**TASK GOAL:**
Copy exactly the lines from the start of the data below through the one that carries "Imagen del Buda", and only those.

**MATERIAL SUPPLIED:**

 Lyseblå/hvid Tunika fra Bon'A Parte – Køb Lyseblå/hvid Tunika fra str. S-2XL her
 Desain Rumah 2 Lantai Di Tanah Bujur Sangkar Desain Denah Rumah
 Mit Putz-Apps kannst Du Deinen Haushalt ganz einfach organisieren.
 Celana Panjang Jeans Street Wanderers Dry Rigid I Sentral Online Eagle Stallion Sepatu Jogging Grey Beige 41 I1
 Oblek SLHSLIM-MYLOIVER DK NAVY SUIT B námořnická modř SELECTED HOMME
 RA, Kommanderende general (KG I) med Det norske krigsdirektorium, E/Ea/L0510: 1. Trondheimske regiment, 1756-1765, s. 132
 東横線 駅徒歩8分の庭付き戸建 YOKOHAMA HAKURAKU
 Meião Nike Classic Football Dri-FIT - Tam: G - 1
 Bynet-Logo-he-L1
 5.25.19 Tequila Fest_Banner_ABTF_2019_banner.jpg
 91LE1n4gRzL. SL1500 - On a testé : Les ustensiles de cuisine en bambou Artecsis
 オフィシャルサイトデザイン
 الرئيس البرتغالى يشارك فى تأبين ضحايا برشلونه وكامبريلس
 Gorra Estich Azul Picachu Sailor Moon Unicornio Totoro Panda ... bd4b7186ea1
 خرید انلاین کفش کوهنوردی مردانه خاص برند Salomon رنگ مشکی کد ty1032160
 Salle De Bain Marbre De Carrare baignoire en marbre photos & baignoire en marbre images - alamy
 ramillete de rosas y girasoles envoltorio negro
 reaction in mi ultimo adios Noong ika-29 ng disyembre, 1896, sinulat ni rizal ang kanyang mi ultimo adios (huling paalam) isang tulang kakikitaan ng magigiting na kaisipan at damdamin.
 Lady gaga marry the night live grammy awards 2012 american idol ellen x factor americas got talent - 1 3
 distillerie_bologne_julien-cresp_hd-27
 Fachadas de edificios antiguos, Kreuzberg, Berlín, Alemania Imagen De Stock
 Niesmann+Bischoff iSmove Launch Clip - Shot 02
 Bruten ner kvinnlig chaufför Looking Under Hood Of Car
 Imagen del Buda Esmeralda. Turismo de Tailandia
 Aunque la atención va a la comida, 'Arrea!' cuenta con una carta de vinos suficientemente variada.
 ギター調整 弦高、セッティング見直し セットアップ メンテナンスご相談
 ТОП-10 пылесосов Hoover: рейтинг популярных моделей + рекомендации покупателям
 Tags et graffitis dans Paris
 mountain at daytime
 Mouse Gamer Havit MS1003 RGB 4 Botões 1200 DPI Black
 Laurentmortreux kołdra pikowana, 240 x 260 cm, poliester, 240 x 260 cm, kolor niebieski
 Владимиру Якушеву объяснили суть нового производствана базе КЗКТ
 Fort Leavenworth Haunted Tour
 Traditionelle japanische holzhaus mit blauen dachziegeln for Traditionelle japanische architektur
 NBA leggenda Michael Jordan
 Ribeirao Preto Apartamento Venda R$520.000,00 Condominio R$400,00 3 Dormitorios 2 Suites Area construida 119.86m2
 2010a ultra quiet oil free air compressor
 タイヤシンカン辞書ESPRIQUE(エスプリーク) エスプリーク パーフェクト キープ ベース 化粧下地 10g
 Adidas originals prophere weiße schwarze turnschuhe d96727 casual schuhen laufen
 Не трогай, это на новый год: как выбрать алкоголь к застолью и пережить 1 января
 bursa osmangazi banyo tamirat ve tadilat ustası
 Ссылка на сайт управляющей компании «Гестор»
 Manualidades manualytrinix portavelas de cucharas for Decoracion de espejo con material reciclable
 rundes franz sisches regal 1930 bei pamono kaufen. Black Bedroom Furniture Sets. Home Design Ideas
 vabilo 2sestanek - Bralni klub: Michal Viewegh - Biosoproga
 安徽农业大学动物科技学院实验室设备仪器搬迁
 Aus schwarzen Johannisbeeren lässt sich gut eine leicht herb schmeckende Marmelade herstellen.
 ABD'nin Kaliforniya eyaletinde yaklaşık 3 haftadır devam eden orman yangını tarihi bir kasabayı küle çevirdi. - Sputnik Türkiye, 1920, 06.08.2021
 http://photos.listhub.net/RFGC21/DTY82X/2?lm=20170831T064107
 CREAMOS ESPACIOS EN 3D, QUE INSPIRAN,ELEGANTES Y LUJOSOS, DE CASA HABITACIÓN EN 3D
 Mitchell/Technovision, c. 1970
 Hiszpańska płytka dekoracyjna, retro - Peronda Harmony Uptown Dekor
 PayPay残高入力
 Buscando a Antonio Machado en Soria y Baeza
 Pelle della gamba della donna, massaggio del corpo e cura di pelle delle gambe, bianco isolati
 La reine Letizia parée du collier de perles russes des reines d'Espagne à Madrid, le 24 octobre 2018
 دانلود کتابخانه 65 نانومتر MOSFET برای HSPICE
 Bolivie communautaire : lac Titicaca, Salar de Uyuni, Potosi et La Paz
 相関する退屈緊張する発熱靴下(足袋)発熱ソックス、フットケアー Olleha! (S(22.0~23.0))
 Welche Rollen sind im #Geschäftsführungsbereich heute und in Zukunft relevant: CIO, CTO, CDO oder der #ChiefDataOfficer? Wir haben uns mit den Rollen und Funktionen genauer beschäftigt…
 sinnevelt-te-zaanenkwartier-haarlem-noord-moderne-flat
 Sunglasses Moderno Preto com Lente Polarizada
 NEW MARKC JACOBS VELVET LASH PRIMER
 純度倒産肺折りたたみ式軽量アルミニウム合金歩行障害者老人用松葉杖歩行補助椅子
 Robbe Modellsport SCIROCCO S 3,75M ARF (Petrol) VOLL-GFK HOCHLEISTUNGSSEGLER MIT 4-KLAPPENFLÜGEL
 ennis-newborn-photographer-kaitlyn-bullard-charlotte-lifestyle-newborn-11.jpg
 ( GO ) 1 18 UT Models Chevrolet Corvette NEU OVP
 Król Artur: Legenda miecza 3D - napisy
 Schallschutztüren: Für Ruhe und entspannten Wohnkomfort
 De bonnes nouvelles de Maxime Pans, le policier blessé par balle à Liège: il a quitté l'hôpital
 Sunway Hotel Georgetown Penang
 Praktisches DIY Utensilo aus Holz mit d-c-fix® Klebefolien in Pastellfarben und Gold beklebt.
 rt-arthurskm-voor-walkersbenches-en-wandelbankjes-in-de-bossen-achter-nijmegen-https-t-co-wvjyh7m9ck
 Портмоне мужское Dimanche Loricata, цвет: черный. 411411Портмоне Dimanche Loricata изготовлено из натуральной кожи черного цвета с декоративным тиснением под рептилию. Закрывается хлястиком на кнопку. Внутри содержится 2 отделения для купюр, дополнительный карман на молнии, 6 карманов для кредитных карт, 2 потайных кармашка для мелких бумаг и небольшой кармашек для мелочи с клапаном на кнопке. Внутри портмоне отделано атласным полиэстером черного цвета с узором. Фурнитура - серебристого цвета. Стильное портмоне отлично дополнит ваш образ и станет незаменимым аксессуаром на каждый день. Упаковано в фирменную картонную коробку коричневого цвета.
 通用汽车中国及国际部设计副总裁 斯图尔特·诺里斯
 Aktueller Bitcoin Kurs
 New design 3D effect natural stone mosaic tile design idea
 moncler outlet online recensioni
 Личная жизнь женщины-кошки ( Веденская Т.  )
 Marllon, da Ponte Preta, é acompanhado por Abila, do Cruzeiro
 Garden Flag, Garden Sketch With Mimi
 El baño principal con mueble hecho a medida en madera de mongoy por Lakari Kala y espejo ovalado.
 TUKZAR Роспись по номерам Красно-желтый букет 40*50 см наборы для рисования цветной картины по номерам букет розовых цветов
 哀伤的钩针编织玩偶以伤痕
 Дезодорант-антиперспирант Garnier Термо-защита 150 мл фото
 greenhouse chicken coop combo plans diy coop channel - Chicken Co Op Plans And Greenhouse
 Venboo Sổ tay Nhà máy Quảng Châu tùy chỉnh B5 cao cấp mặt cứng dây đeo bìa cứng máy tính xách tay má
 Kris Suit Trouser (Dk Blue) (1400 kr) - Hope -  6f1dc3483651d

**EXERCISE ANSWER:**
 Lyseblå/hvid Tunika fra Bon'A Parte – Køb Lyseblå/hvid Tunika fra str. S-2XL her
 Desain Rumah 2 Lantai Di Tanah Bujur Sangkar Desain Denah Rumah
 Mit Putz-Apps kannst Du Deinen Haushalt ganz einfach organisieren.
 Celana Panjang Jeans Street Wanderers Dry Rigid I Sentral Online Eagle Stallion Sepatu Jogging Grey Beige 41 I1
 Oblek SLHSLIM-MYLOIVER DK NAVY SUIT B námořnická modř SELECTED HOMME
 RA, Kommanderende general (KG I) med Det norske krigsdirektorium, E/Ea/L0510: 1. Trondheimske regiment, 1756-1765, s. 132
 東横線 駅徒歩8分の庭付き戸建 YOKOHAMA HAKURAKU
 Meião Nike Classic Football Dri-FIT - Tam: G - 1
 Bynet-Logo-he-L1
 5.25.19 Tequila Fest_Banner_ABTF_2019_banner.jpg
 91LE1n4gRzL. SL1500 - On a testé : Les ustensiles de cuisine en bambou Artecsis
 オフィシャルサイトデザイン
 الرئيس البرتغالى يشارك فى تأبين ضحايا برشلونه وكامبريلس
 Gorra Estich Azul Picachu Sailor Moon Unicornio Totoro Panda ... bd4b7186ea1
 خرید انلاین کفش کوهنوردی مردانه خاص برند Salomon رنگ مشکی کد ty1032160
 Salle De Bain Marbre De Carrare baignoire en marbre photos & baignoire en marbre images - alamy
 ramillete de rosas y girasoles envoltorio negro
 reaction in mi ultimo adios Noong ika-29 ng disyembre, 1896, sinulat ni rizal ang kanyang mi ultimo adios (huling paalam) isang tulang kakikitaan ng magigiting na kaisipan at damdamin.
 Lady gaga marry the night live grammy awards 2012 american idol ellen x factor americas got talent - 1 3
 distillerie_bologne_julien-cresp_hd-27
 Fachadas de edificios antiguos, Kreuzberg, Berlín, Alemania Imagen De Stock
 Niesmann+Bischoff iSmove Launch Clip - Shot 02
 Bruten ner kvinnlig chaufför Looking Under Hood Of Car
 Imagen del Buda Esmeralda. Turismo de Tailandia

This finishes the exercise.